The claimant was represented by Roger D. Calistro, Esq., Gallagher, Gallagher & Calistro, 1377 Boulevard, P.O. Box 1925, New Haven, CT 06509.
The respondents were represented by Margaret Corrigan, Esq., Pomeranz, Drayton & Stabnick, 95 Glastonbury Boulevard, Glastonbury, CT 06033.
This Petition for Review from the February 5, 1999 Finding and Award of the Commissioner acting for the Eighth District was heard September 10, 1999 before a Compensation Review Board panel consisting of the then Commission Chairman, Jesse M. Frankl and Commissioners Stephen B. Delaney and Amado J. Vargas.
JESSE M. FRANKL, COMMISSIONER. The respondents have petitioned for review from the February 5, 1999 Finding and Award of the Commissioner acting for the Eighth District. In that decision the trial commissioner concluded that the claimant sustained post traumatic stress disorder (“PTSD”) as a result of a December 16, 1988 accident which was accepted as compensable by the respondents.
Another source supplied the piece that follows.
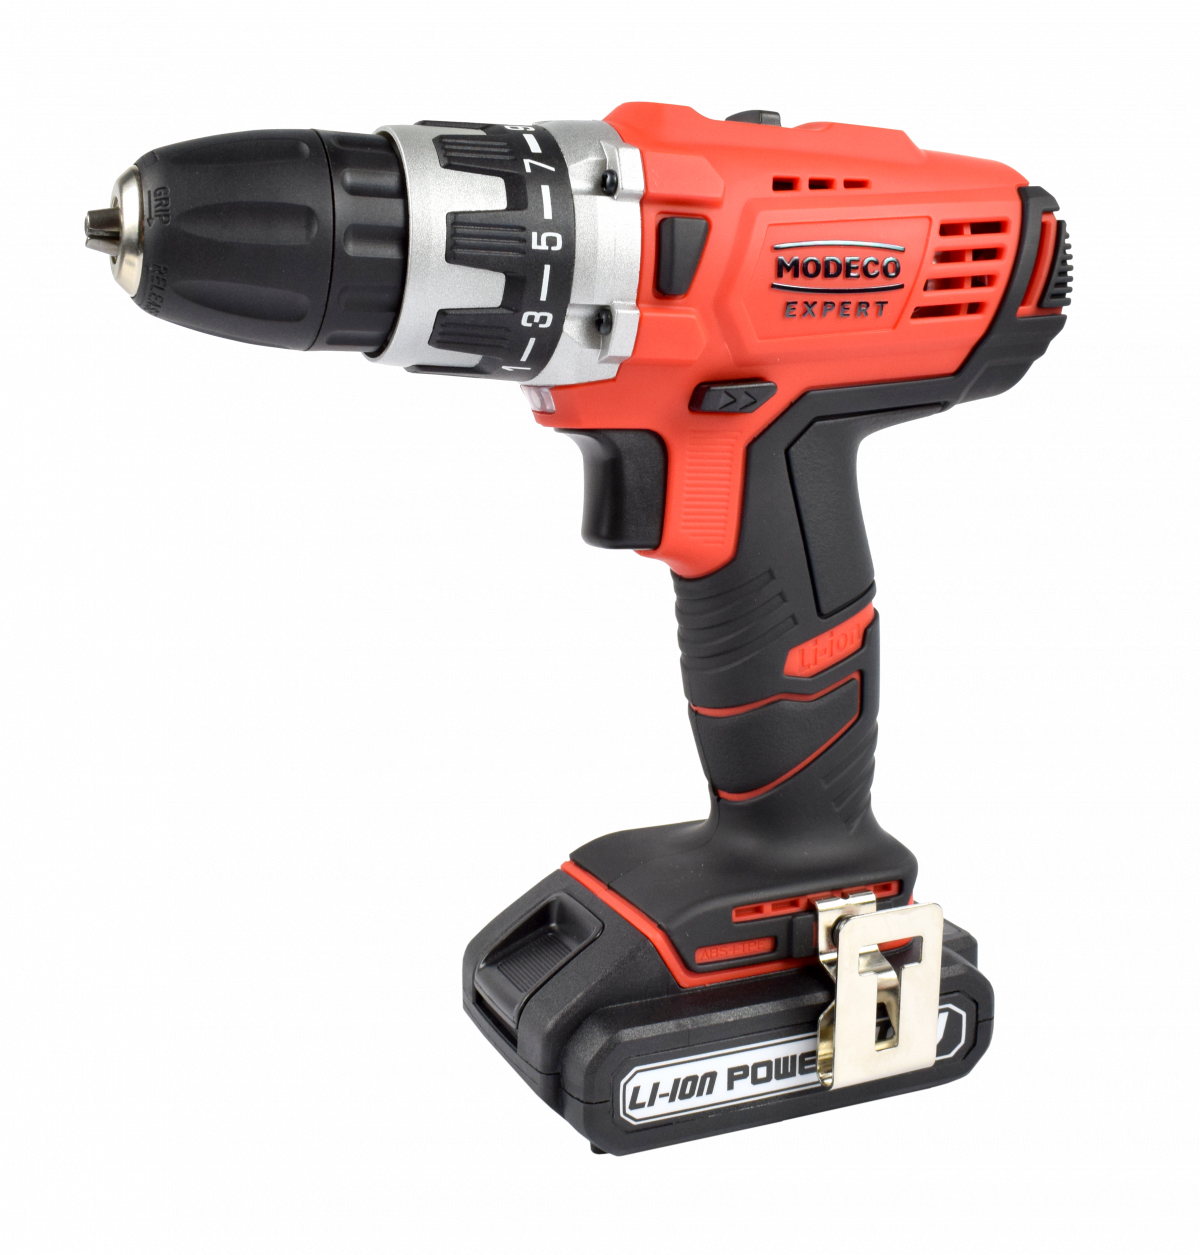 MN-91-104 Cordless drill-driver with battery 14.4 V li-ion

In support of their appeal, the respondents contend (1) that the trial commissioner abused his discretion by relying upon the medical opinion of Dr. Lieb even though the trial commissioner found his treatment of the claimant was not reasonable; (2) that the trial commissioner improperly ordered payment for medical care which was found to be unreasonable; (3) that the trial commissioner ignored evidence that the claimant was in a physically abusive marriage; (4) that the trial commissioner’s awards of temporary total and partial disability benefits are not supported by the findings; and (5) that in making a scarring award the trial commissioner improperly relied upon evidence from an informal hearing. We will address each of these issues.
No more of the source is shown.